Tags: Sliding Window Medium Two Pointers

Links: https://leetcode.com/problems/permutation-in-string/

Given two strings s1 and s2, write a function to return true if s2 contains the permutation of s1. In other words, one of the first string's permutations is the substring of the second string.

Example 1:

Input: s1 = "ab" s2 = "eidbaooo"
Output: True
Explanation: s2 contains one permutation of s1 ("ba").

Example 2:

Input:s1= "ab" s2 = "eidboaoo"
Output: False

Note:

  1. The input strings only contain lower case letters.
  2. The length of both given strings is in range [1, 10,000].
class Solution {
public:
    bool checkInclusion(string s1, string s2) {
        std::ios_base::sync_with_stdio(false);
        cin.tie(NULL);
        cout.tie(NULL);

        if (s2.size() < s1.size()) return false;

        vector<int> m(26);
        for (int i = 0; i < s1.size(); ++i) {
            ++m[s1[i] - 'a'];    
        }

        vector<int> tmp(26);
        int len = s2.size();
        int start = 0, end = s1.size() - 1;
        for (int i = start; i <= end; ++i) {
           ++tmp[s2[i] - 'a']; 
        }
        if (judge(m, tmp)) return true;

        while (++end < len) {
            ++tmp[s2[end] - 'a'];
            --tmp[s2[start++] - 'a'];
            if (judge(m, tmp)) return true;
        }

        return false;
    }

    inline bool judge(const vector<int> & v1, const vector<int> & v2)
    {
        for (int i = 0; i < 26; ++i) {
            if (v1[i] ^ v2[i]) return false;
        }

        return true;
    }
};

Runtime: 0 ms, faster than 100.00% of C++ online submissions for Permutation in String.
Memory Usage: 9.7 MB, less than 50.00% of C++ online submissions for Permutation in String.

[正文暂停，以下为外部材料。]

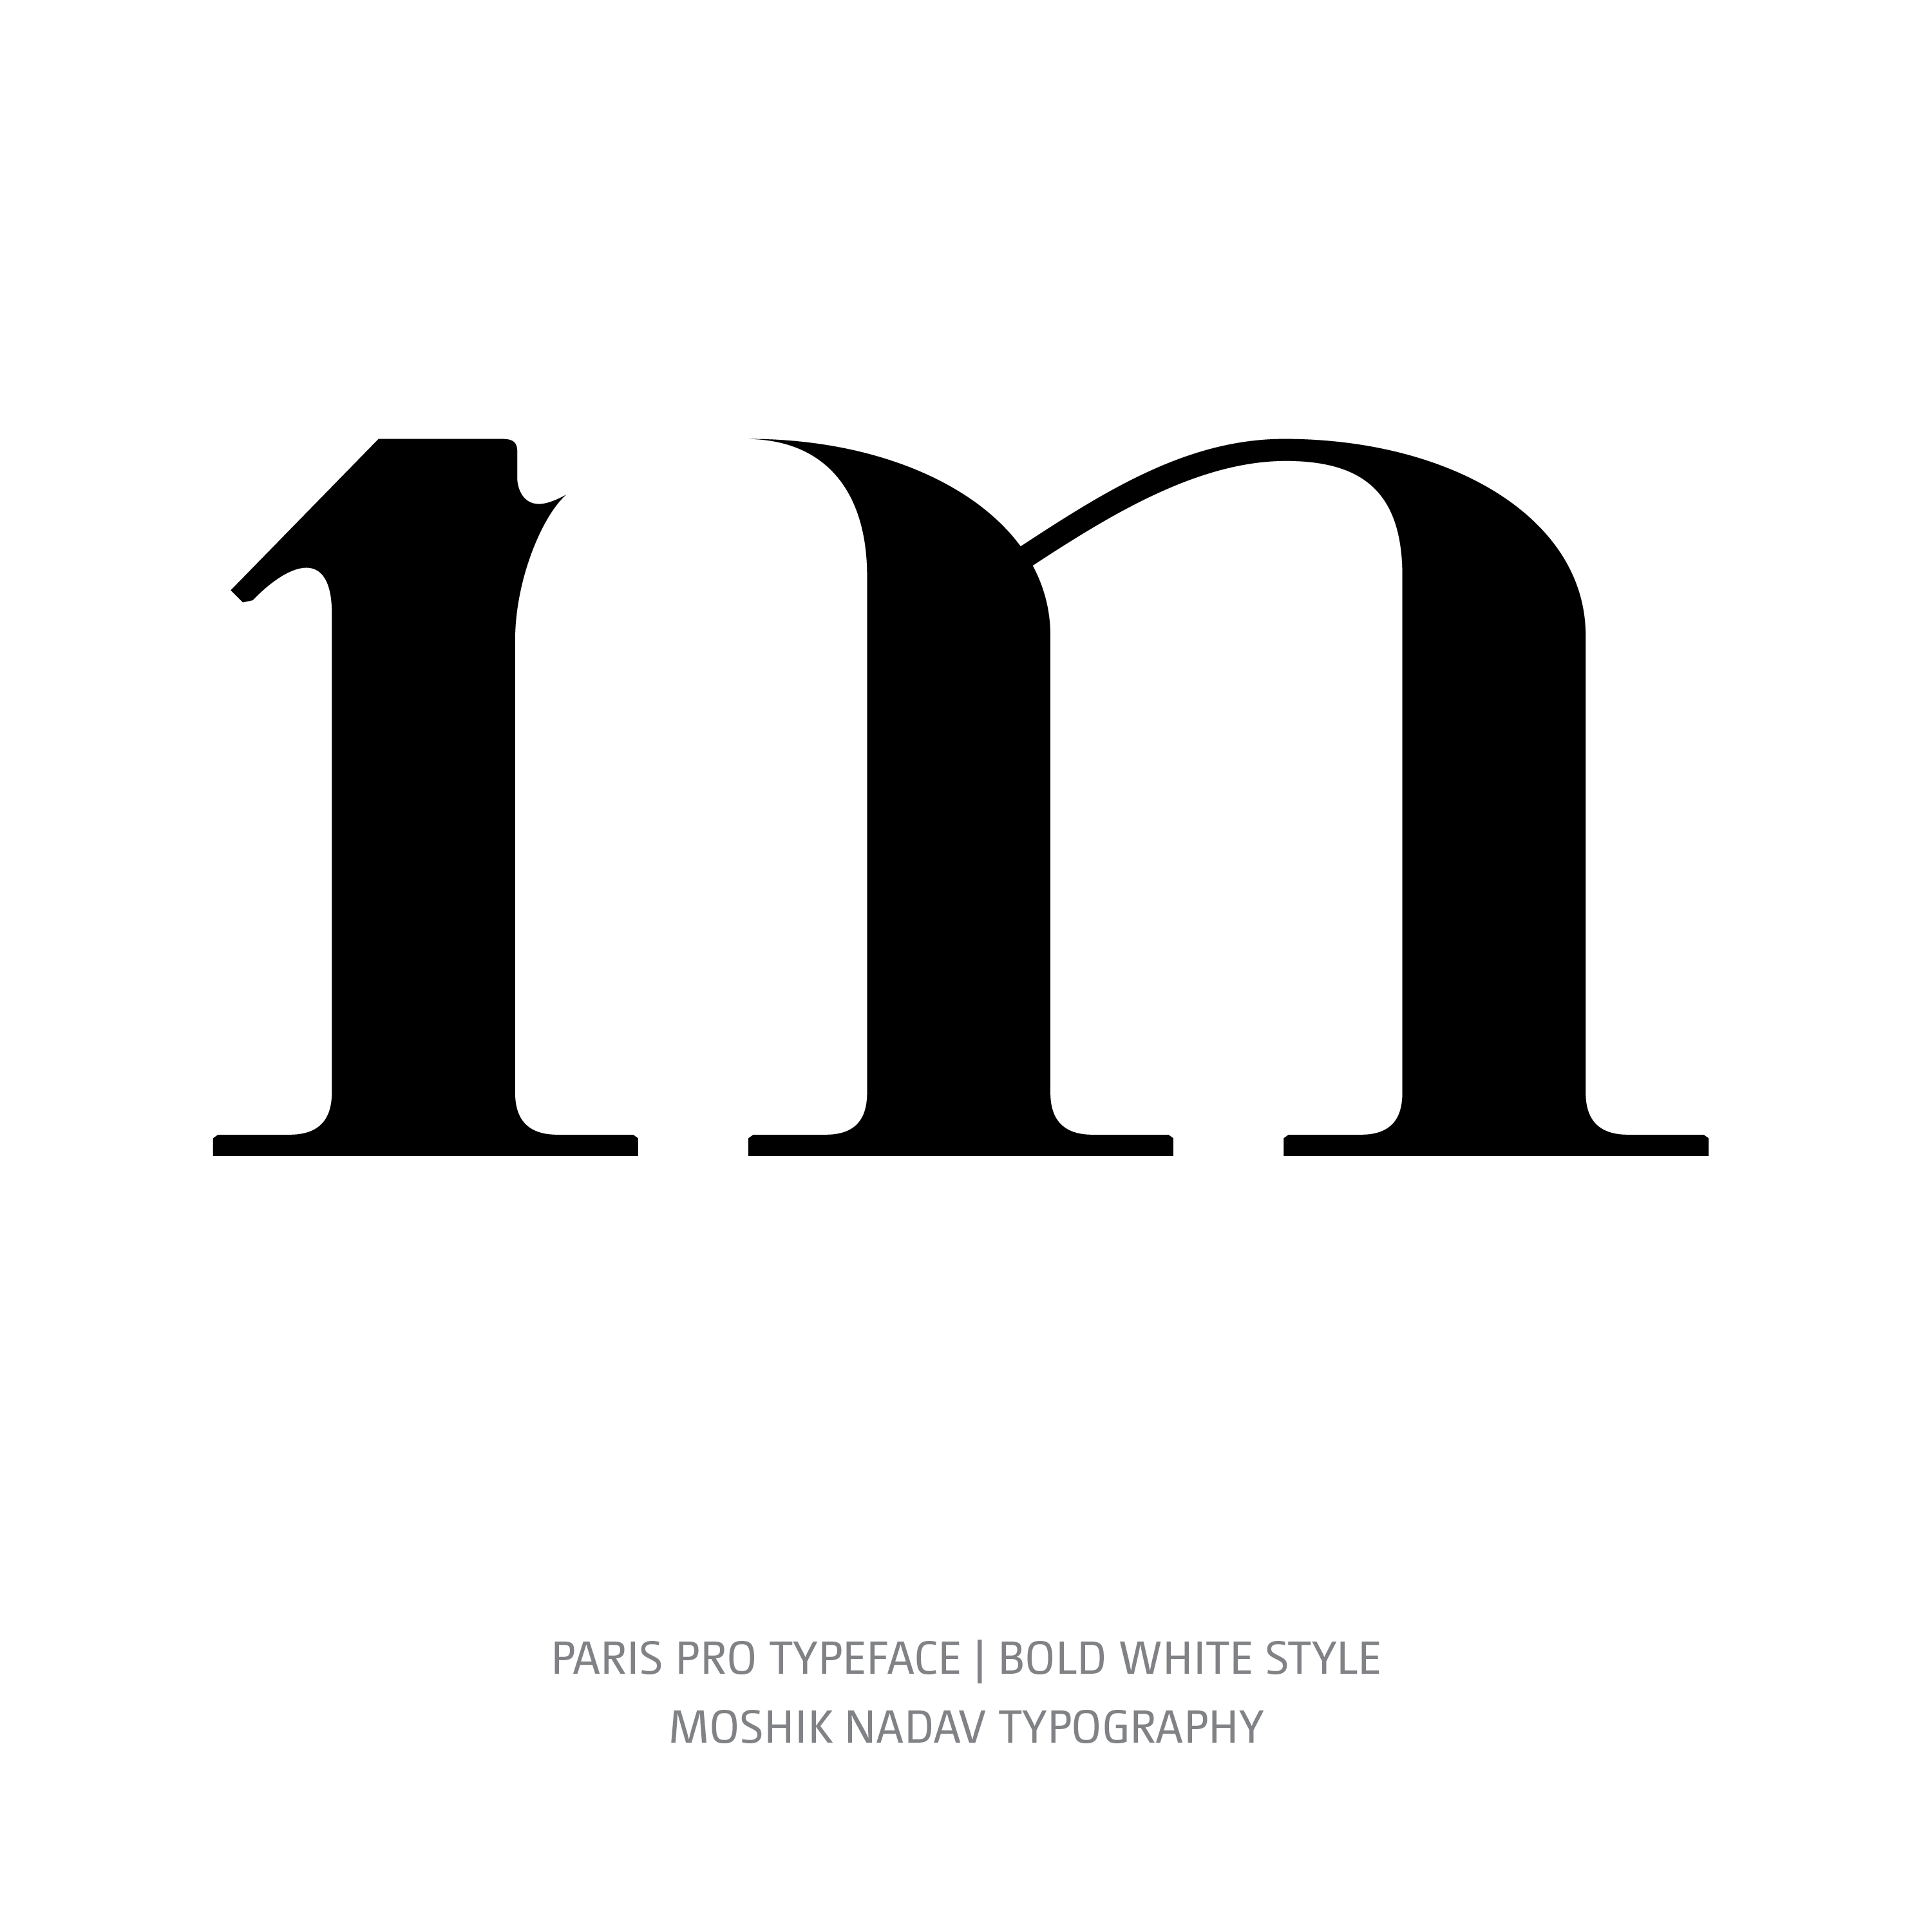 Paris Pro Typeface Bold White m

尺取法。让在s2内的[start, end]区间长度和s1相同,如果是一个全排列,那么必然包含相同的字母以及数量,因为只有小写字母,那么就维护一个长度为26的数组即可。每次只需比较数组是否完全相同即可。

每次让数区间向后移动一个单位,并判断,时间复杂度O(l1+26*(l2-l1))。空间复杂度,因为为常数26,所以空间复杂度是O(1)

class Solution {
public:
    bool checkInclusion(string s1, string s2) {
        std::ios_base::sync_with_stdio(false);
        cin.tie(NULL);
        cout.tie(NULL);

        vector<int> pattern(26, 0), text(26, 0);
        for (auto &e : s1) ++pattern[e - 'a'];

        int m = s1.size(), n = s2.size();
        if (n < s1.size()) return false;
        for (int i = 0; i < m; ++i) ++text[s2[i] - 'a'];

        int start = 0, end = m - 1;

        while (true) {
            if (text == pattern) return true;
            --text[s2[start++] - 'a'];
            ++end;
            if (end >= n) break;
            ++text[s2[end] - 'a'];
        }

        return false;
    }
};